Se aconseja no permanecer demasiado tiempo en el agua caliente de forma continua, ya que esto puede provocar mareos, fatiga o deshidratación. Por ello, se recomienda estar en intervalos de 15 a 20 minutos, acompañados de pausas y una adecuada hidratación antes, durante y después del uso de las aguas termales. De esta manera, se puede disfrutar de sus beneficios sin poner en riesgo la salud.

Además, los centros termales generan un impacto positivo en el turismo, ya que atraen visitantes tanto a nivel nacional como internacional. Por consiguiente, favorecen la economía local mediante el desarrollo de sectores como la hotelería, la gastronomía, el transporte y el comercio. Igualmente, impulsan el crecimiento de las zonas turísticas y permiten dar a conocer la riqueza natural de cada región, lo que contribuye al desarrollo social y económico de las comunidades.
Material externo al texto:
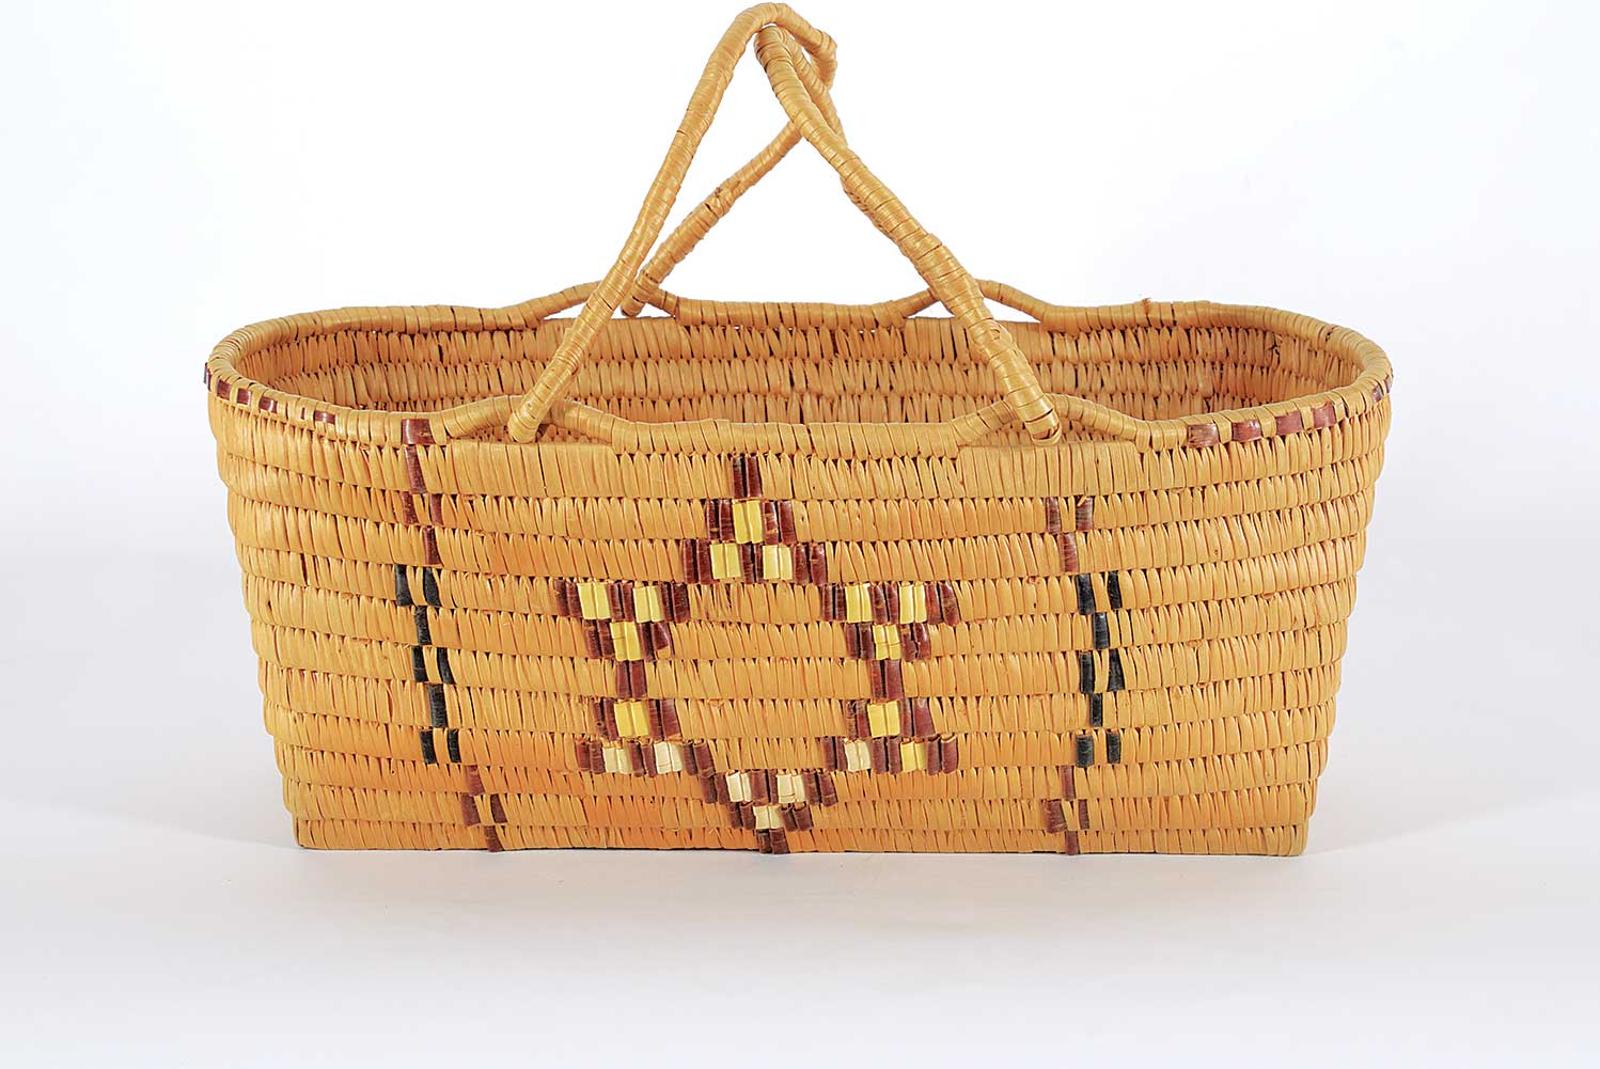 Northwest Coast First Nations School - Oval Basket with Handles and Star Patterns

En cuanto a los cuidados, es fundamental mantener las aguas limpias y en buen estado, evitando la contaminación. Asimismo, se recomienda no arrojar basura, no utilizar productos químicos como jabones dentro de los pozos termales y respetar la flora y la fauna del entorno. De igual manera, es importante bañarse antes de ingresar, entrar de manera progresiva al agua —primero los pies, luego el resto del cuerpo— y evitar consumir alimentos dentro de las piscinas termales.
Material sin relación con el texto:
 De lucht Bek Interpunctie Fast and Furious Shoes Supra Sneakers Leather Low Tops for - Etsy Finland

A nivel mundial, algunos países reconocidos por sus aguas termales son Japón, Islandia, Hungría, Turquía, Estados Unidos, Italia, Costa Rica, Chile, Colombia y Nueva Zelanda. Estos lugares han desarrollado infraestructuras turísticas alrededor de sus fuentes termales, lo que demuestra la importancia de este recurso natural en diferentes partes del mundo.
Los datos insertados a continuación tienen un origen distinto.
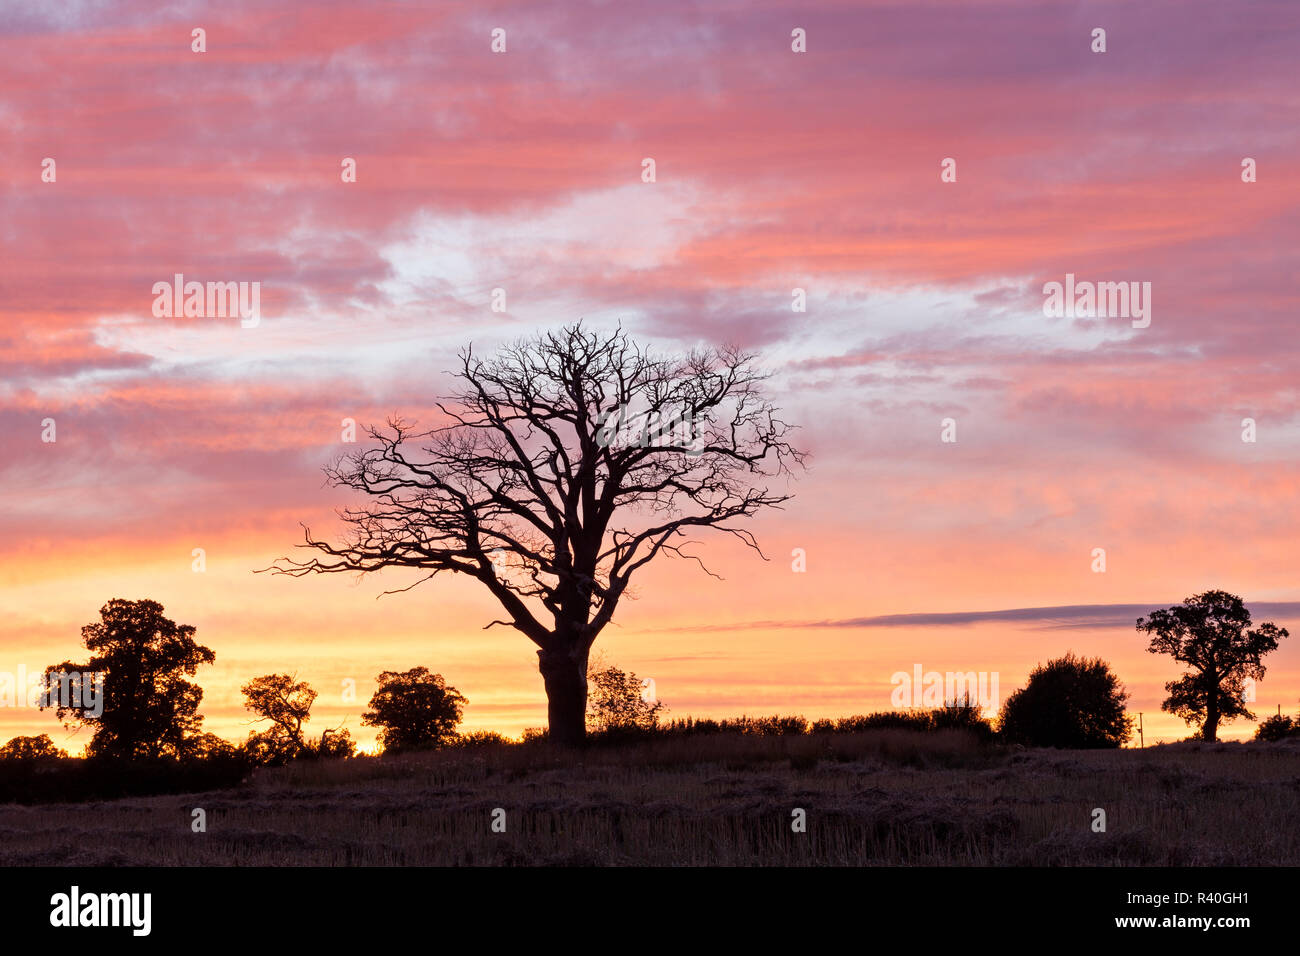 Trees silhouetted against a dramatic sunset sky Stock Photo

Existe una diferencia clara entre los centros termales y los spa, ya que los primeros utilizan aguas minero-medicinales con fines terapéuticos en entornos naturales, mientras que los spa emplean agua tratada con fines principalmente de relajación. En conclusión, las aguas termales no solo representan un recurso natural con múltiples beneficios para la salud, sino también un elemento clave en la cultura, el turismo y la economía, siempre y cuando se utilicen de manera responsable y se proteja el medio ambiente que las rodea.

Es importante resaltar que el uso adecuado de las aguas termales no solo depende de sus propiedades naturales, sino también del comportamiento de las personas que las visitan. Por ello, se debe fomentar la educación ambiental y el respeto por estos espacios, evitando acciones que puedan afectar su equilibrio natural. De igual forma, las autoridades y administradores de estos lugares deben garantizar un mantenimiento adecuado, promoviendo prácticas sostenibles que aseguren la conservación de este recurso a largo plazo.

Por último, las aguas termales representan una oportunidad no solo para el descanso y la salud, sino también para el aprendizaje y la conexión con la naturaleza. Así, su aprovechamiento responsable permite que futuras generaciones también puedan disfrutar de sus beneficios, manteniendo su valor tanto natural como cultural.